## Task
Your copy of the data should match it exactly, leaving out only the pictures.

## Data extract
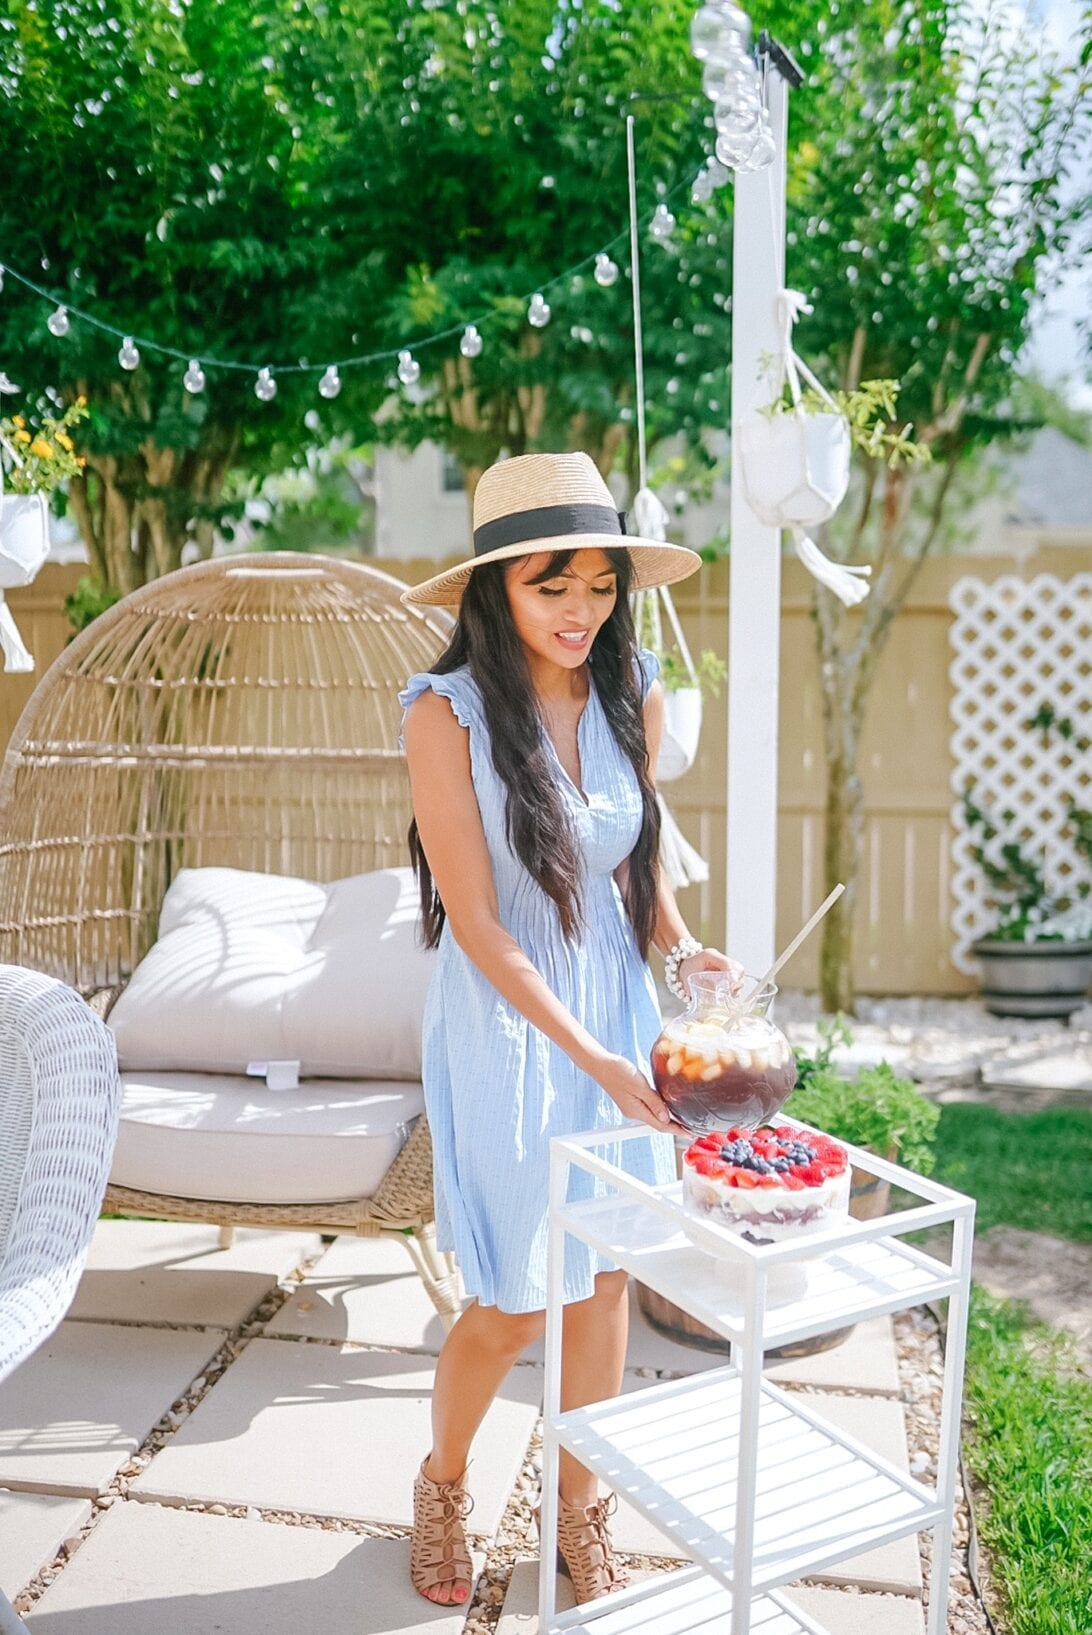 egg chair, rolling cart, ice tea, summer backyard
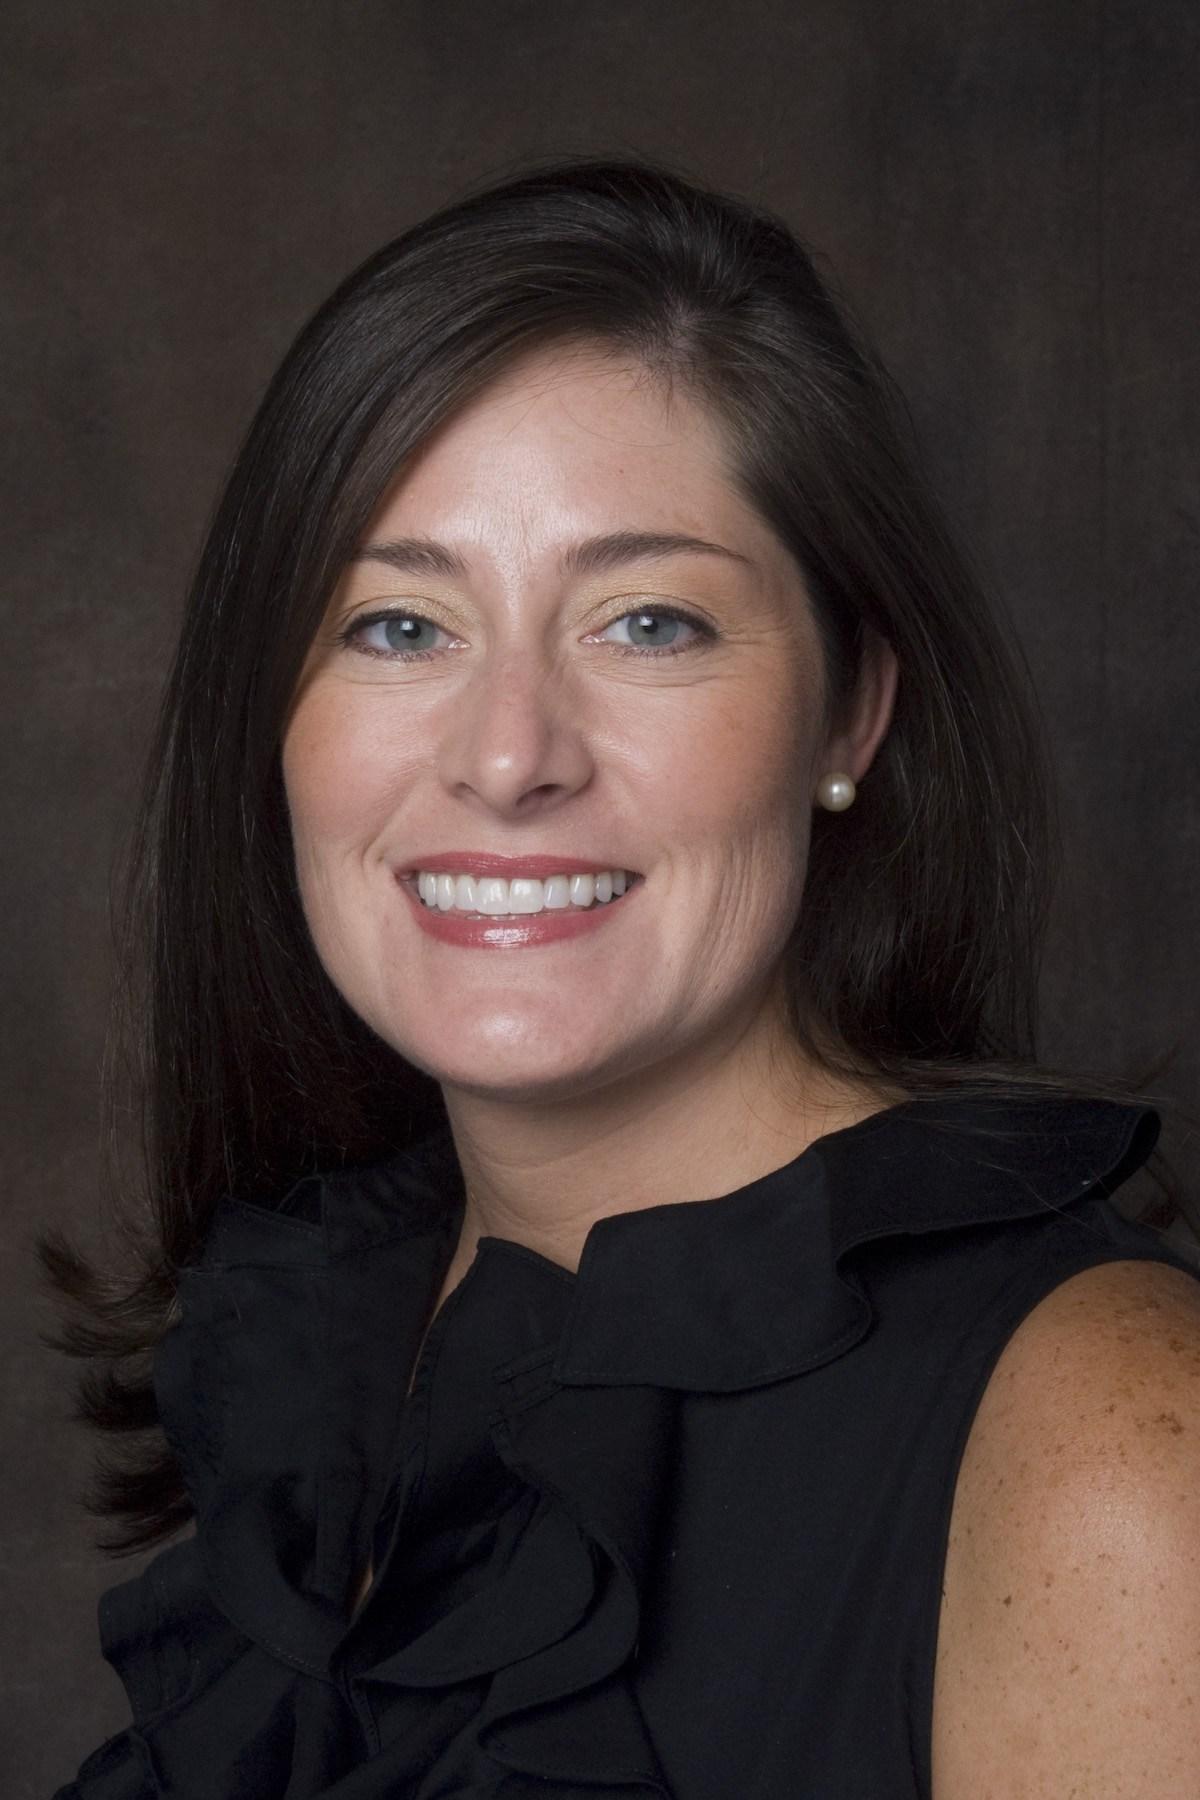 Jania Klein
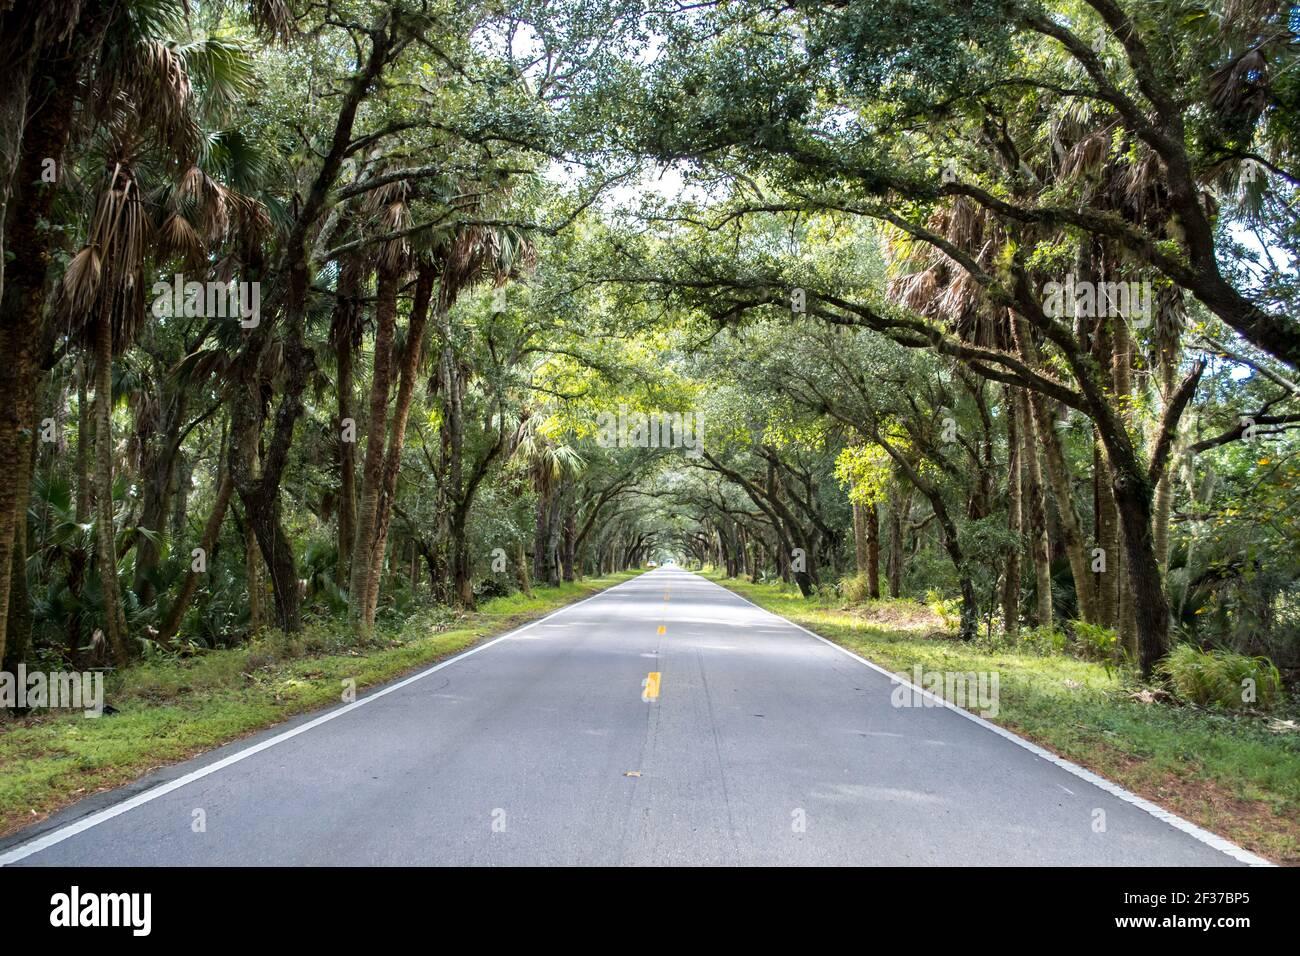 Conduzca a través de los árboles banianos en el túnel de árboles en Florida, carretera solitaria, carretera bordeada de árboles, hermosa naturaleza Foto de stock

## Response to this task
 egg chair, rolling cart, ice tea, summer backyard
 Jania Klein
 Conduzca a través de los árboles banianos en el túnel de árboles en Florida, carretera solitaria, carretera bordeada de árboles, hermosa naturaleza Foto de stock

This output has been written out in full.